Recorded information —
# # #

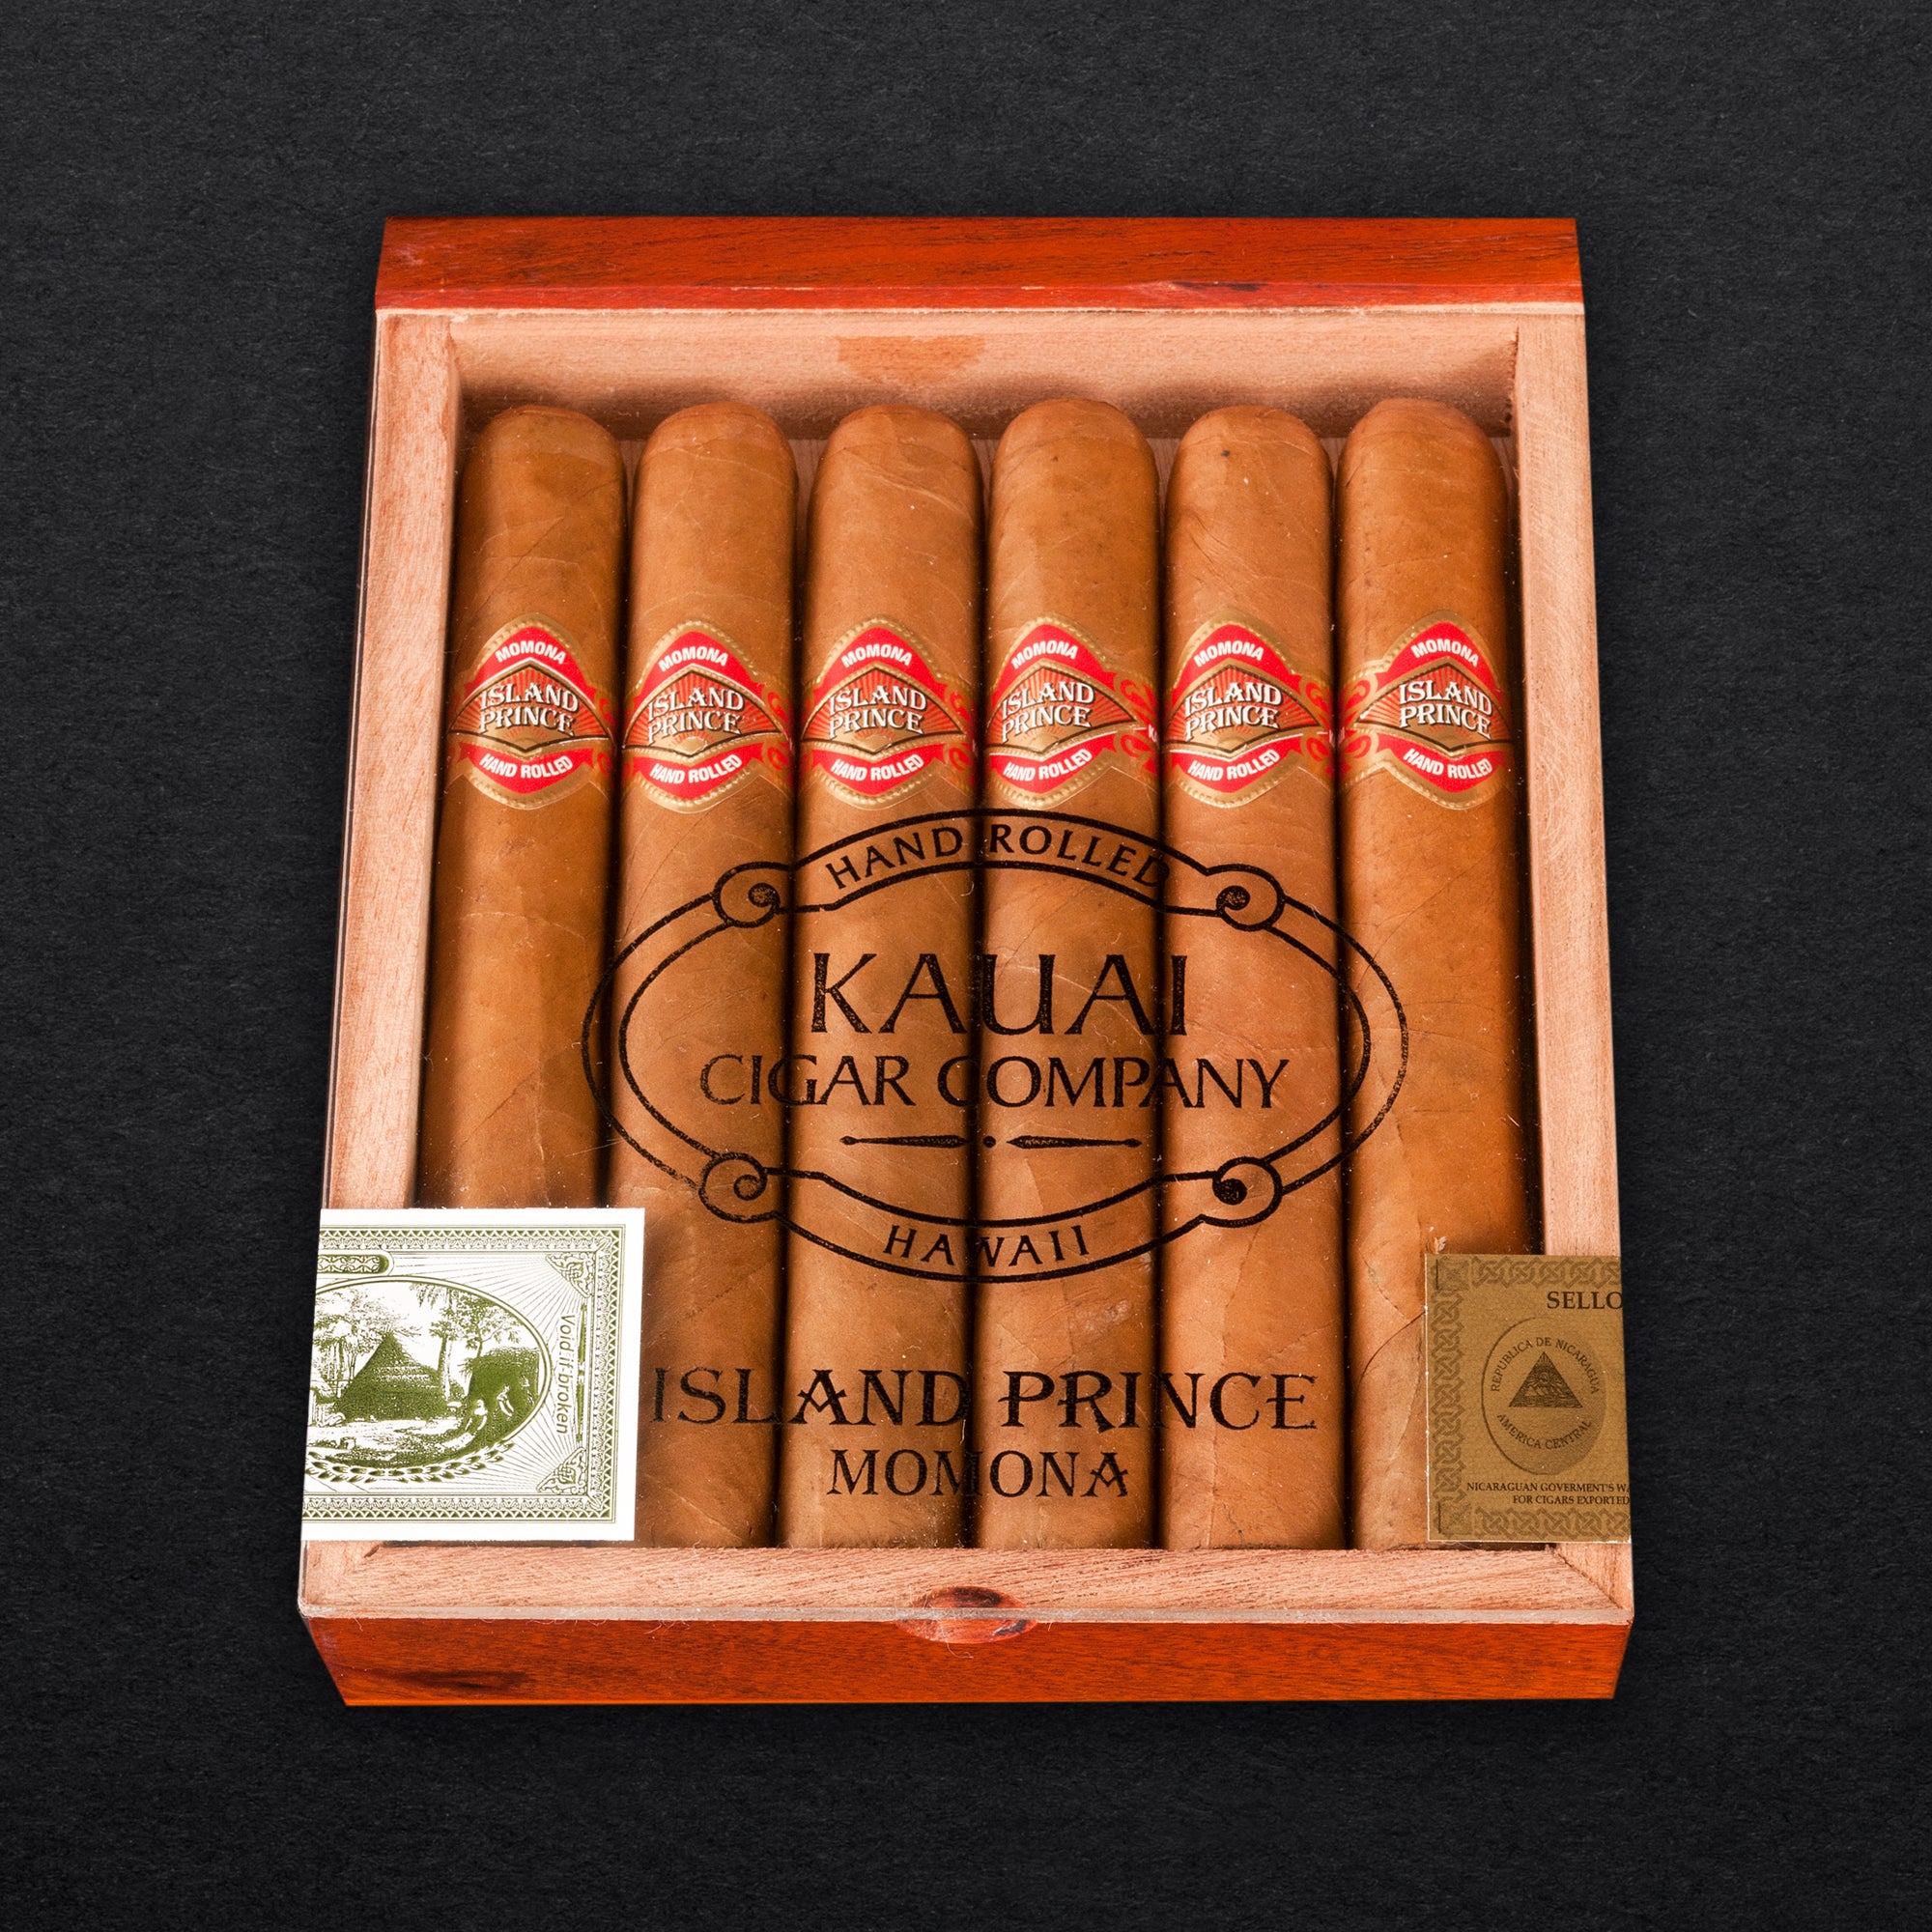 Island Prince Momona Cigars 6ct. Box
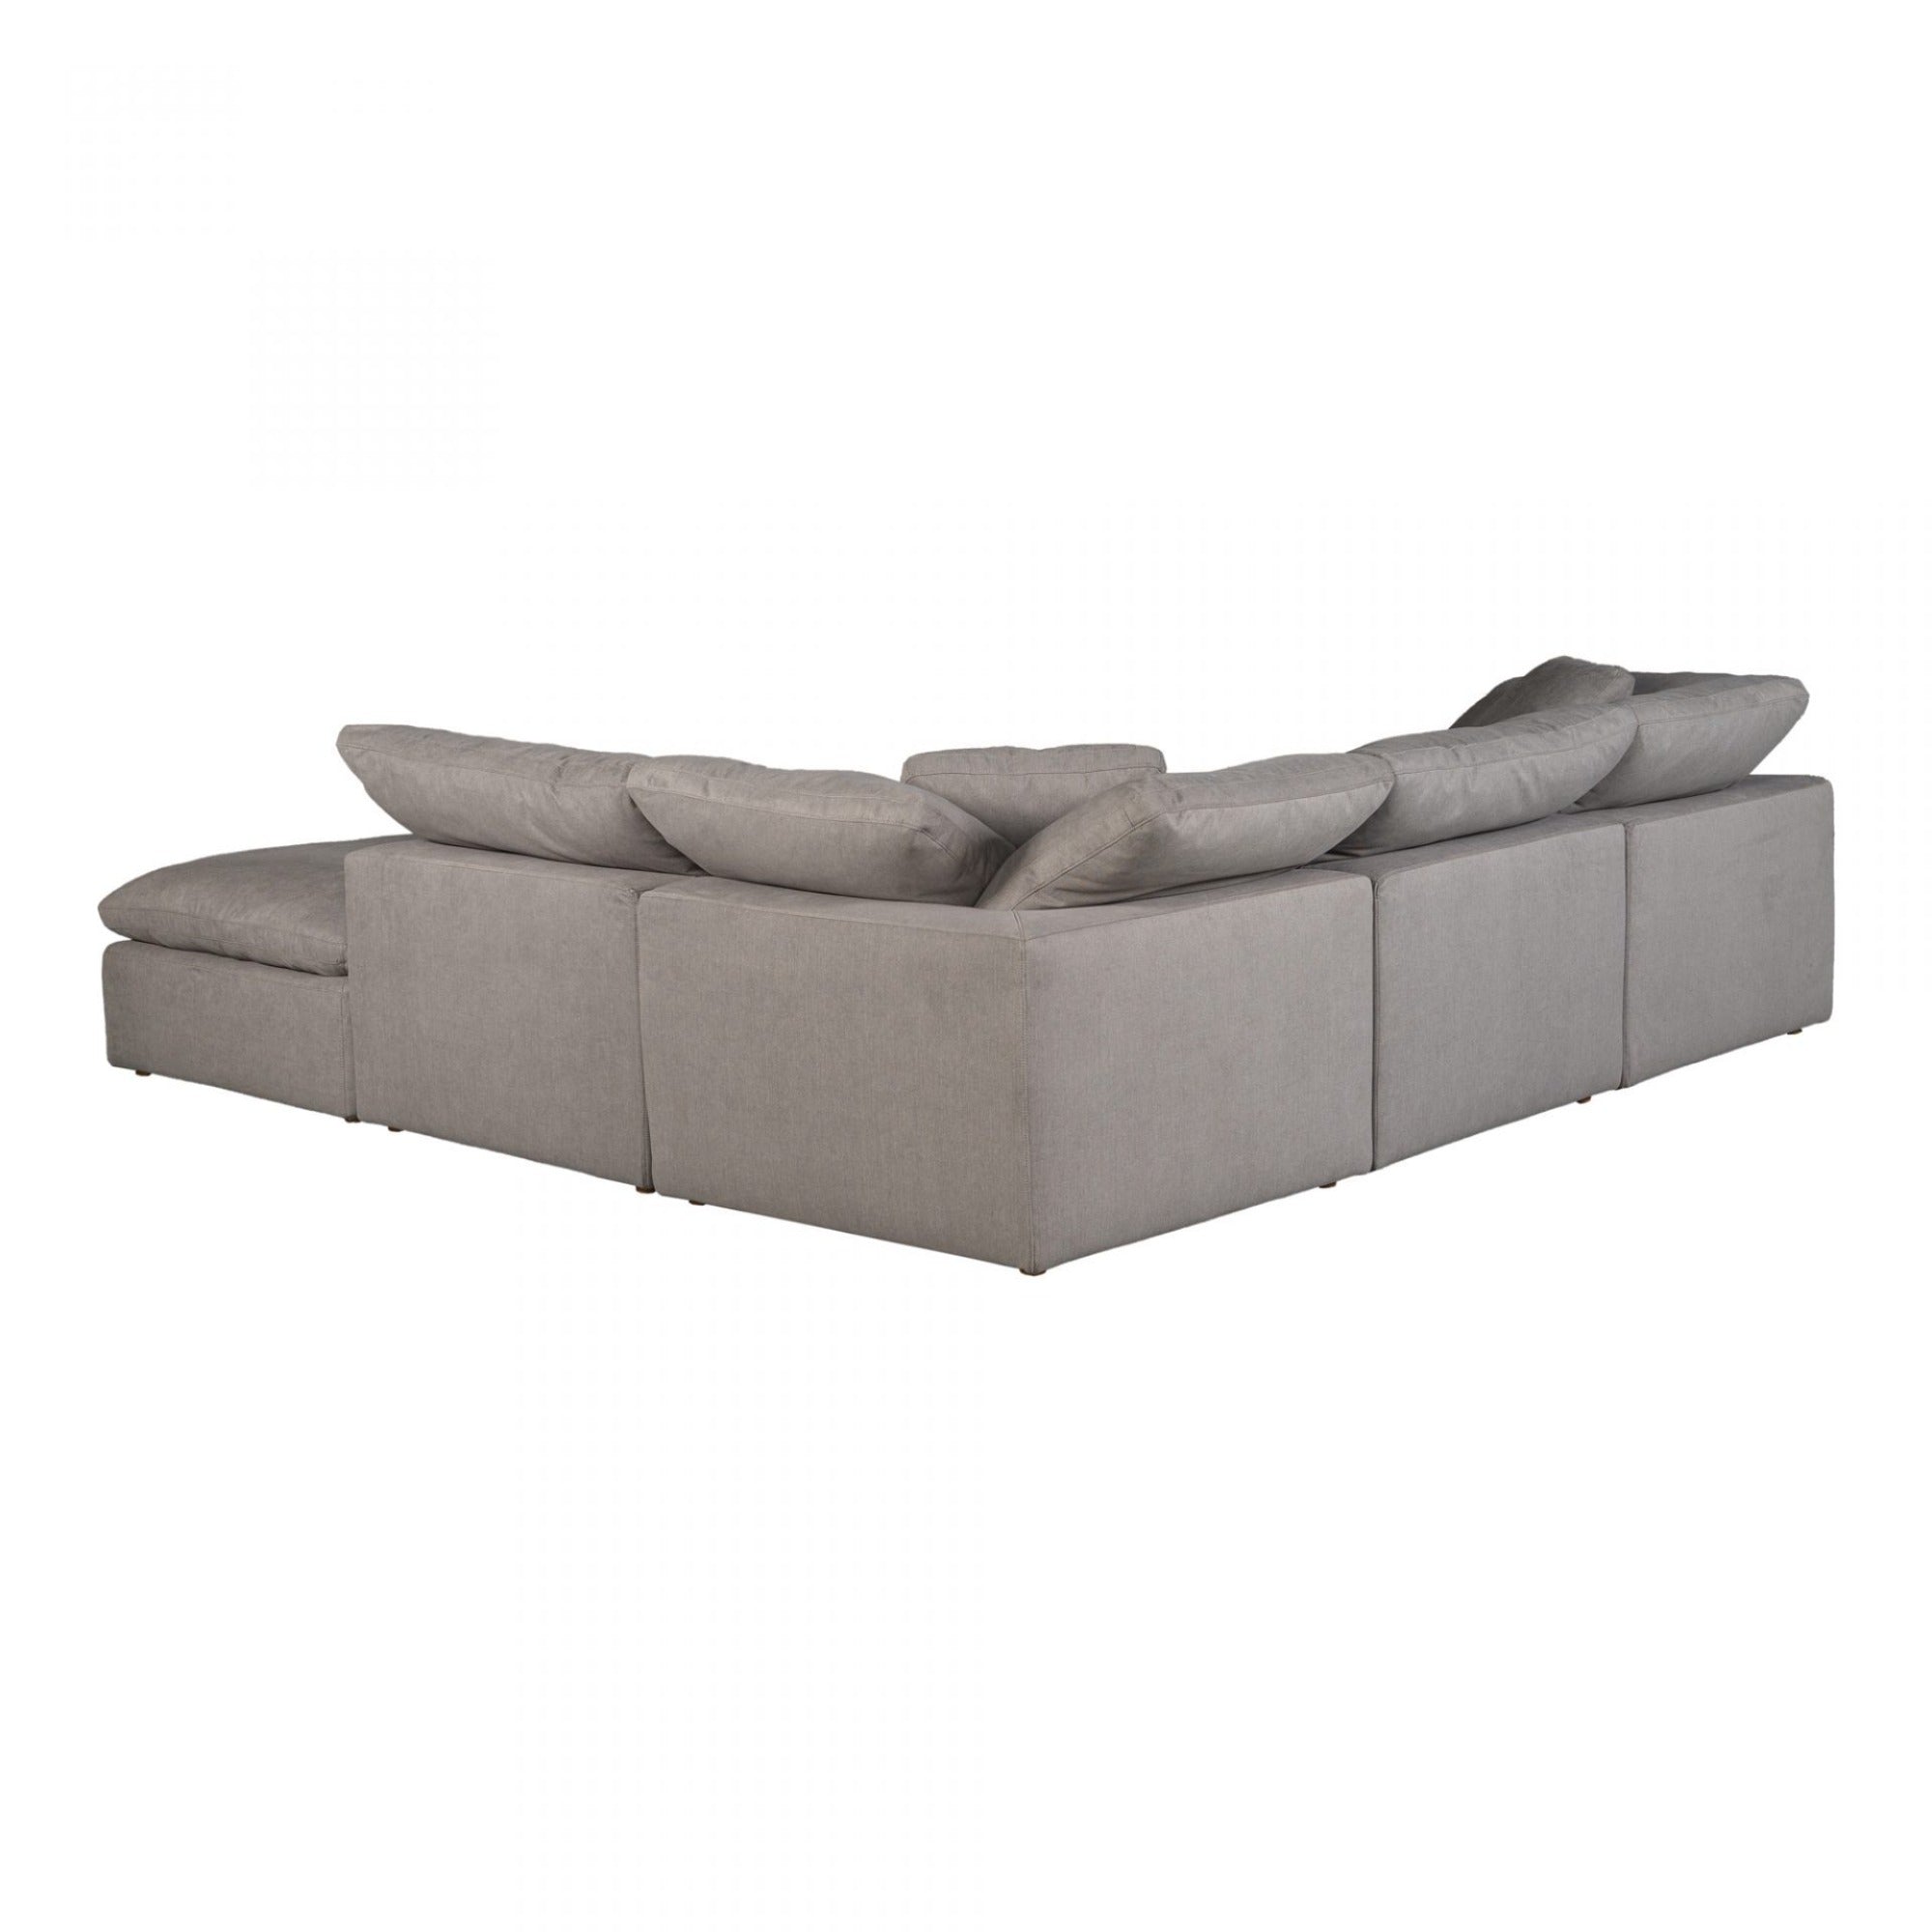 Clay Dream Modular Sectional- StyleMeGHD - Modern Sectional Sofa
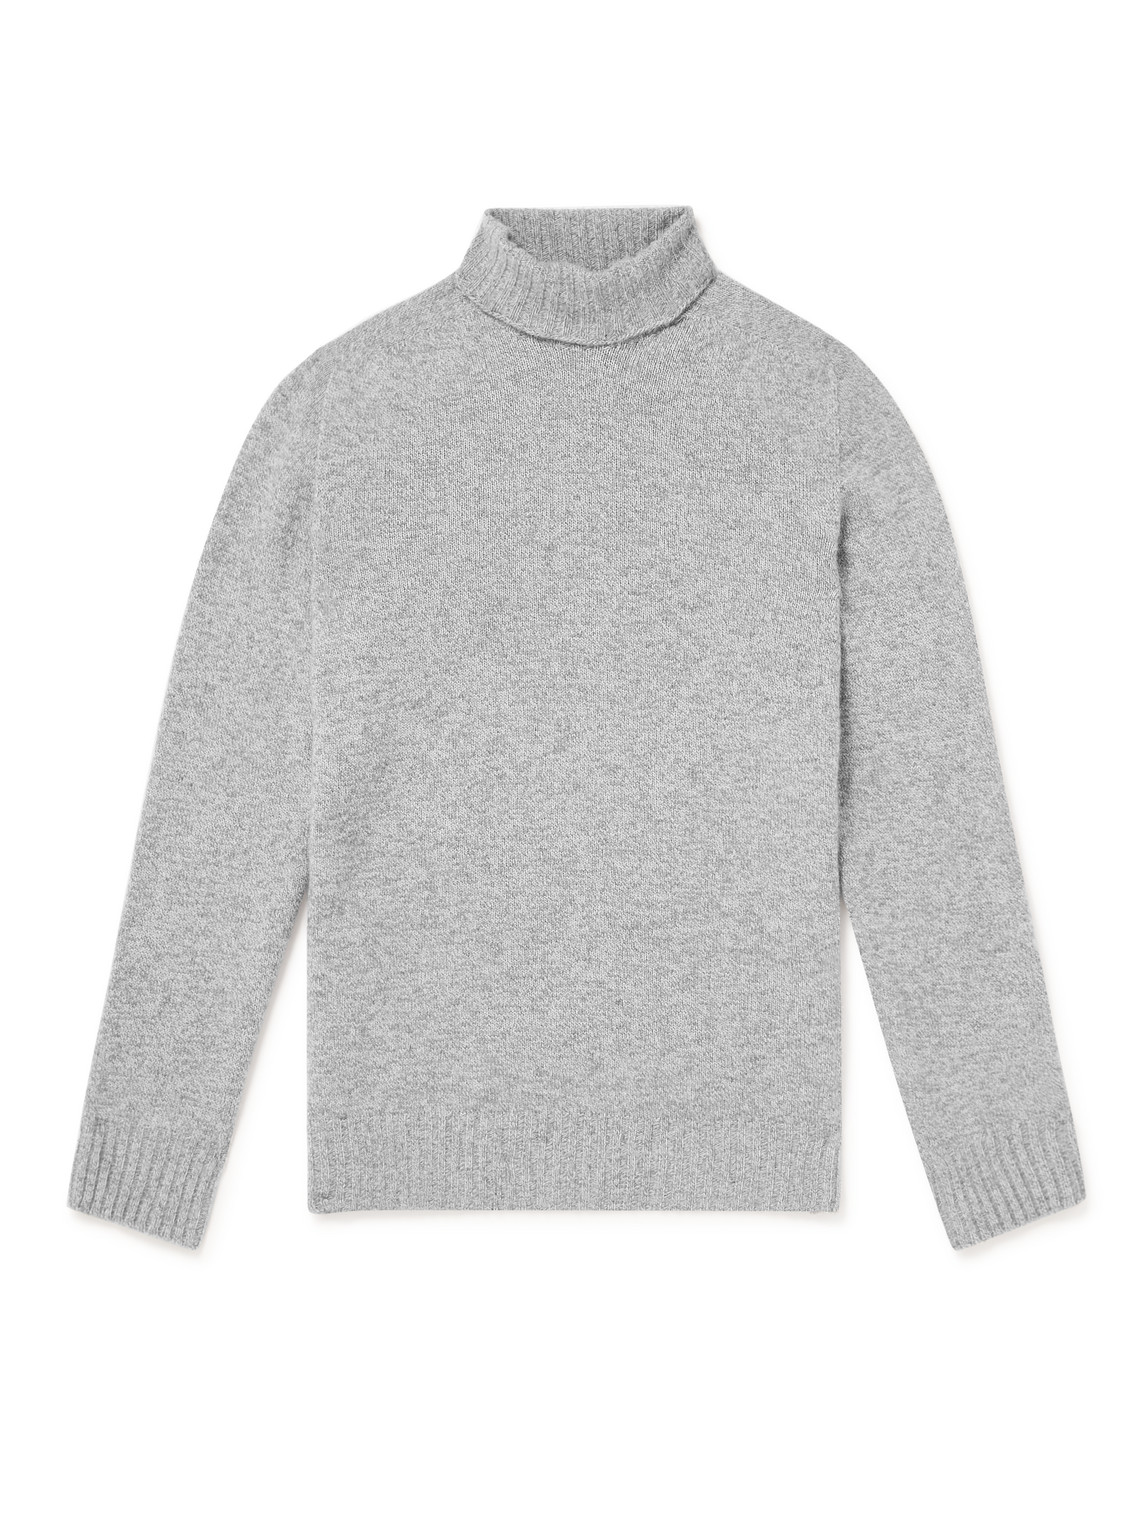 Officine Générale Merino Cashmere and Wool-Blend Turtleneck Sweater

# # #

Activity —
Since the listing holds pictures, return everything else in it exactly and omit those.

Answer box —
 Island Prince Momona Cigars 6ct. Box
 Clay Dream Modular Sectional- StyleMeGHD - Modern Sectional Sofa
 Officine Générale Merino Cashmere and Wool-Blend Turtleneck Sweater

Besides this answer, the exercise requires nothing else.